Each entry must be reproduced precisely as it stands.
MATERIAL SHOWN: Begin
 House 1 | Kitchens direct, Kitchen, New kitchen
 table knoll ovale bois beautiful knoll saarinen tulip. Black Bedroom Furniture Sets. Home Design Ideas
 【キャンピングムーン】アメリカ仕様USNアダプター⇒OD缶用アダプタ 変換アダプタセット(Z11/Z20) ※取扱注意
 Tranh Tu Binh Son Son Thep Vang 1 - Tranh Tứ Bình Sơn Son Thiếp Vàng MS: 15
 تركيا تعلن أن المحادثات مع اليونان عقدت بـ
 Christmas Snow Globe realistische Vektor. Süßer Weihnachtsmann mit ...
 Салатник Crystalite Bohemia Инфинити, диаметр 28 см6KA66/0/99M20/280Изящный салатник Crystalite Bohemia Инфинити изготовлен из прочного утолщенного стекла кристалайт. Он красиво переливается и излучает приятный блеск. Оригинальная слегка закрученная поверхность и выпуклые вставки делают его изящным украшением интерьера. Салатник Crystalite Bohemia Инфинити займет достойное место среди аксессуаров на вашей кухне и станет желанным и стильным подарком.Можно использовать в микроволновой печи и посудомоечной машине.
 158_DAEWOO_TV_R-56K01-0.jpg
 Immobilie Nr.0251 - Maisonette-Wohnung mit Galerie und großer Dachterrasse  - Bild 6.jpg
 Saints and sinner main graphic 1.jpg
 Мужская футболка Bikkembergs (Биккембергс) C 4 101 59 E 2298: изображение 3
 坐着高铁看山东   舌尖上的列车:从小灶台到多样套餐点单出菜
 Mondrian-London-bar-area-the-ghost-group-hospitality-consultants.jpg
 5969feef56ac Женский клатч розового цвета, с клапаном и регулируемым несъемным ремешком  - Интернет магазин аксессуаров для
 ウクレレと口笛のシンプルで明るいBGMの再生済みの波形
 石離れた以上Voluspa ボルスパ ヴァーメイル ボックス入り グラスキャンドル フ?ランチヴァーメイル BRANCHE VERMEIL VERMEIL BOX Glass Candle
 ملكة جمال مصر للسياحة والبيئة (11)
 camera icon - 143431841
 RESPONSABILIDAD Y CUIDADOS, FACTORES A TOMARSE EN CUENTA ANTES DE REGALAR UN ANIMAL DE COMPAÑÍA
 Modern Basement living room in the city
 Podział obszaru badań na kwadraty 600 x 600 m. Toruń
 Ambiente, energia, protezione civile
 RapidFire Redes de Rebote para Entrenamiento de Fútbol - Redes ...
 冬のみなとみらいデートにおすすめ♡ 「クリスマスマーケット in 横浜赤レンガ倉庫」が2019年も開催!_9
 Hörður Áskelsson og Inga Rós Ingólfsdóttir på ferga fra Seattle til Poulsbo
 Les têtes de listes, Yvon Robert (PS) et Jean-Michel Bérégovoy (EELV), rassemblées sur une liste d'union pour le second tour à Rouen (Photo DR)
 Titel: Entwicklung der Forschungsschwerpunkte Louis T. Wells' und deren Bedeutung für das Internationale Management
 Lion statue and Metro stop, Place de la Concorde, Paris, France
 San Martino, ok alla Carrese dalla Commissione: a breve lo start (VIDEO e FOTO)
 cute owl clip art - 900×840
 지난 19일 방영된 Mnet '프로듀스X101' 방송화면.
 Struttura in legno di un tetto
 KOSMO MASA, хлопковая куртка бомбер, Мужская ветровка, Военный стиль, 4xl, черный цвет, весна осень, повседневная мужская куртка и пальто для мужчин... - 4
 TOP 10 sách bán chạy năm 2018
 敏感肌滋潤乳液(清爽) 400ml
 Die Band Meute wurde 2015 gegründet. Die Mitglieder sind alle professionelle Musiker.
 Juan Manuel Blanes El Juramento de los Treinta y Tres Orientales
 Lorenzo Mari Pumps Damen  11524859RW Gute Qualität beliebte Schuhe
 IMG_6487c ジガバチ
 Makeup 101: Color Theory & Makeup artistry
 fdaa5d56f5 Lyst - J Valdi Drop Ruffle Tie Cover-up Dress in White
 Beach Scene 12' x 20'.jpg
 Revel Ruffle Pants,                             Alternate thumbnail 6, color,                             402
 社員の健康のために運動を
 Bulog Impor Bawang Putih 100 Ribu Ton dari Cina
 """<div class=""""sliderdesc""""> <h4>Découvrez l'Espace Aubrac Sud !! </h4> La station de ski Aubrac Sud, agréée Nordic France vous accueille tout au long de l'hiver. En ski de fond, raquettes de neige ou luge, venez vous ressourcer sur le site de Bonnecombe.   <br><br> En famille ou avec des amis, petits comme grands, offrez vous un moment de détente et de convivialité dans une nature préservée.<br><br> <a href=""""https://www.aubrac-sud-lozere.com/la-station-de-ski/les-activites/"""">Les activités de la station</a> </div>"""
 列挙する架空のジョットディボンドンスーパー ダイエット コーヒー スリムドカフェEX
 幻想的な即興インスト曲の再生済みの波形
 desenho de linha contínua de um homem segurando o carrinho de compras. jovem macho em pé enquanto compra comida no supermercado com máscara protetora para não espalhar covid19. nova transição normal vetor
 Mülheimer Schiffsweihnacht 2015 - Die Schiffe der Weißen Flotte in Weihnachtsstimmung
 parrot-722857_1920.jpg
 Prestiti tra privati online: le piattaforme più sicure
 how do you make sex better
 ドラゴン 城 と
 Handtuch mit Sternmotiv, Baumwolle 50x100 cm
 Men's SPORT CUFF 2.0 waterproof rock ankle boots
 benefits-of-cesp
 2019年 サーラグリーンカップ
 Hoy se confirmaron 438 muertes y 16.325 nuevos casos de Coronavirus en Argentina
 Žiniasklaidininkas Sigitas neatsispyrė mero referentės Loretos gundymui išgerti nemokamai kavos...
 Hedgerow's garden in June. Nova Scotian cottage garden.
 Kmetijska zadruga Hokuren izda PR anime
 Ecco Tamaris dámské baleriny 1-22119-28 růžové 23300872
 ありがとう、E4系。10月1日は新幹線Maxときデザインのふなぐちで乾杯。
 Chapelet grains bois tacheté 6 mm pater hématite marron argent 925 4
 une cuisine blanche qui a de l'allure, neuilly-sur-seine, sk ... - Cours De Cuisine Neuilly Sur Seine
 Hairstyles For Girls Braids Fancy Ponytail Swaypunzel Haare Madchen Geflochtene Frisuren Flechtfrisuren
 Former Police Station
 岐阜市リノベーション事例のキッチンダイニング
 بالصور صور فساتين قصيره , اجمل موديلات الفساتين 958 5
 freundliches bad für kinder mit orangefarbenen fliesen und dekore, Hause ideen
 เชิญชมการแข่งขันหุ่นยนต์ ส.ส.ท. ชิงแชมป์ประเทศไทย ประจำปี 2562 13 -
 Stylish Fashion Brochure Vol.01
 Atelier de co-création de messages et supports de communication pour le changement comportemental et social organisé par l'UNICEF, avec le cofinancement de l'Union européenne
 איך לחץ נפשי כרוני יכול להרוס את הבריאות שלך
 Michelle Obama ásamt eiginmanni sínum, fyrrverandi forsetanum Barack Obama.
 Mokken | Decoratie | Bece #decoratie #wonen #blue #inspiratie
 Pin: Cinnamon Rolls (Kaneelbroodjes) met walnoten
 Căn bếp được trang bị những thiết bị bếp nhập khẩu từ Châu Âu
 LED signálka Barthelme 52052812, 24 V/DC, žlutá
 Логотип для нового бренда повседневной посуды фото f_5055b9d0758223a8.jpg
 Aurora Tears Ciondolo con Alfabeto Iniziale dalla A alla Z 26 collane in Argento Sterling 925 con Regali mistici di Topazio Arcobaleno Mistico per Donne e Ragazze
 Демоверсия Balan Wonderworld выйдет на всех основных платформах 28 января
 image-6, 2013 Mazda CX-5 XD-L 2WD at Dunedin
MATERIAL SHOWN: End
#### [ANSWER TO THIS PROBLEM]
 House 1 | Kitchens direct, Kitchen, New kitchen
 table knoll ovale bois beautiful knoll saarinen tulip. Black Bedroom Furniture Sets. Home Design Ideas
 【キャンピングムーン】アメリカ仕様USNアダプター⇒OD缶用アダプタ 変換アダプタセット(Z11/Z20) ※取扱注意
 Tranh Tu Binh Son Son Thep Vang 1 - Tranh Tứ Bình Sơn Son Thiếp Vàng MS: 15
 تركيا تعلن أن المحادثات مع اليونان عقدت بـ
 Christmas Snow Globe realistische Vektor. Süßer Weihnachtsmann mit ...
 Салатник Crystalite Bohemia Инфинити, диаметр 28 см6KA66/0/99M20/280Изящный салатник Crystalite Bohemia Инфинити изготовлен из прочного утолщенного стекла кристалайт. Он красиво переливается и излучает приятный блеск. Оригинальная слегка закрученная поверхность и выпуклые вставки делают его изящным украшением интерьера. Салатник Crystalite Bohemia Инфинити займет достойное место среди аксессуаров на вашей кухне и станет желанным и стильным подарком.Можно использовать в микроволновой печи и посудомоечной машине.
 158_DAEWOO_TV_R-56K01-0.jpg
 Immobilie Nr.0251 - Maisonette-Wohnung mit Galerie und großer Dachterrasse  - Bild 6.jpg
 Saints and sinner main graphic 1.jpg
 Мужская футболка Bikkembergs (Биккембергс) C 4 101 59 E 2298: изображение 3
 坐着高铁看山东   舌尖上的列车:从小灶台到多样套餐点单出菜
 Mondrian-London-bar-area-the-ghost-group-hospitality-consultants.jpg
 5969feef56ac Женский клатч розового цвета, с клапаном и регулируемым несъемным ремешком  - Интернет магазин аксессуаров для
 ウクレレと口笛のシンプルで明るいBGMの再生済みの波形
 石離れた以上Voluspa ボルスパ ヴァーメイル ボックス入り グラスキャンドル フ?ランチヴァーメイル BRANCHE VERMEIL VERMEIL BOX Glass Candle
 ملكة جمال مصر للسياحة والبيئة (11)
 camera icon - 143431841
 RESPONSABILIDAD Y CUIDADOS, FACTORES A TOMARSE EN CUENTA ANTES DE REGALAR UN ANIMAL DE COMPAÑÍA
 Modern Basement living room in the city
 Podział obszaru badań na kwadraty 600 x 600 m. Toruń
 Ambiente, energia, protezione civile
 RapidFire Redes de Rebote para Entrenamiento de Fútbol - Redes ...
 冬のみなとみらいデートにおすすめ♡ 「クリスマスマーケット in 横浜赤レンガ倉庫」が2019年も開催!_9
 Hörður Áskelsson og Inga Rós Ingólfsdóttir på ferga fra Seattle til Poulsbo
 Les têtes de listes, Yvon Robert (PS) et Jean-Michel Bérégovoy (EELV), rassemblées sur une liste d'union pour le second tour à Rouen (Photo DR)
 Titel: Entwicklung der Forschungsschwerpunkte Louis T. Wells' und deren Bedeutung für das Internationale Management
 Lion statue and Metro stop, Place de la Concorde, Paris, France
 San Martino, ok alla Carrese dalla Commissione: a breve lo start (VIDEO e FOTO)
 cute owl clip art - 900×840
 지난 19일 방영된 Mnet '프로듀스X101' 방송화면.
 Struttura in legno di un tetto
 KOSMO MASA, хлопковая куртка бомбер, Мужская ветровка, Военный стиль, 4xl, черный цвет, весна осень, повседневная мужская куртка и пальто для мужчин... - 4
 TOP 10 sách bán chạy năm 2018
 敏感肌滋潤乳液(清爽) 400ml
 Die Band Meute wurde 2015 gegründet. Die Mitglieder sind alle professionelle Musiker.
 Juan Manuel Blanes El Juramento de los Treinta y Tres Orientales
 Lorenzo Mari Pumps Damen  11524859RW Gute Qualität beliebte Schuhe
 IMG_6487c ジガバチ
 Makeup 101: Color Theory & Makeup artistry
 fdaa5d56f5 Lyst - J Valdi Drop Ruffle Tie Cover-up Dress in White
 Beach Scene 12' x 20'.jpg
 Revel Ruffle Pants,                             Alternate thumbnail 6, color,                             402
 社員の健康のために運動を
 Bulog Impor Bawang Putih 100 Ribu Ton dari Cina
 """<div class=""""sliderdesc""""> <h4>Découvrez l'Espace Aubrac Sud !! </h4> La station de ski Aubrac Sud, agréée Nordic France vous accueille tout au long de l'hiver. En ski de fond, raquettes de neige ou luge, venez vous ressourcer sur le site de Bonnecombe.   <br><br> En famille ou avec des amis, petits comme grands, offrez vous un moment de détente et de convivialité dans une nature préservée.<br><br> <a href=""""https://www.aubrac-sud-lozere.com/la-station-de-ski/les-activites/"""">Les activités de la station</a> </div>"""
 列挙する架空のジョットディボンドンスーパー ダイエット コーヒー スリムドカフェEX
 幻想的な即興インスト曲の再生済みの波形
 desenho de linha contínua de um homem segurando o carrinho de compras. jovem macho em pé enquanto compra comida no supermercado com máscara protetora para não espalhar covid19. nova transição normal vetor
 Mülheimer Schiffsweihnacht 2015 - Die Schiffe der Weißen Flotte in Weihnachtsstimmung
 parrot-722857_1920.jpg
 Prestiti tra privati online: le piattaforme più sicure
 how do you make sex better
 ドラゴン 城 と
 Handtuch mit Sternmotiv, Baumwolle 50x100 cm
 Men's SPORT CUFF 2.0 waterproof rock ankle boots
 benefits-of-cesp
 2019年 サーラグリーンカップ
 Hoy se confirmaron 438 muertes y 16.325 nuevos casos de Coronavirus en Argentina
 Žiniasklaidininkas Sigitas neatsispyrė mero referentės Loretos gundymui išgerti nemokamai kavos...
 Hedgerow's garden in June. Nova Scotian cottage garden.
 Kmetijska zadruga Hokuren izda PR anime
 Ecco Tamaris dámské baleriny 1-22119-28 růžové 23300872
 ありがとう、E4系。10月1日は新幹線Maxときデザインのふなぐちで乾杯。
 Chapelet grains bois tacheté 6 mm pater hématite marron argent 925 4
 une cuisine blanche qui a de l'allure, neuilly-sur-seine, sk ... - Cours De Cuisine Neuilly Sur Seine
 Hairstyles For Girls Braids Fancy Ponytail Swaypunzel Haare Madchen Geflochtene Frisuren Flechtfrisuren
 Former Police Station
 岐阜市リノベーション事例のキッチンダイニング
 بالصور صور فساتين قصيره , اجمل موديلات الفساتين 958 5
 freundliches bad für kinder mit orangefarbenen fliesen und dekore, Hause ideen
 เชิญชมการแข่งขันหุ่นยนต์ ส.ส.ท. ชิงแชมป์ประเทศไทย ประจำปี 2562 13 -
 Stylish Fashion Brochure Vol.01
 Atelier de co-création de messages et supports de communication pour le changement comportemental et social organisé par l'UNICEF, avec le cofinancement de l'Union européenne
 איך לחץ נפשי כרוני יכול להרוס את הבריאות שלך
 Michelle Obama ásamt eiginmanni sínum, fyrrverandi forsetanum Barack Obama.
 Mokken | Decoratie | Bece #decoratie #wonen #blue #inspiratie
 Pin: Cinnamon Rolls (Kaneelbroodjes) met walnoten
 Căn bếp được trang bị những thiết bị bếp nhập khẩu từ Châu Âu
 LED signálka Barthelme 52052812, 24 V/DC, žlutá
 Логотип для нового бренда повседневной посуды фото f_5055b9d0758223a8.jpg
 Aurora Tears Ciondolo con Alfabeto Iniziale dalla A alla Z 26 collane in Argento Sterling 925 con Regali mistici di Topazio Arcobaleno Mistico per Donne e Ragazze
 Демоверсия Balan Wonderworld выйдет на всех основных платформах 28 января
 image-6, 2013 Mazda CX-5 XD-L 2WD at Dunedin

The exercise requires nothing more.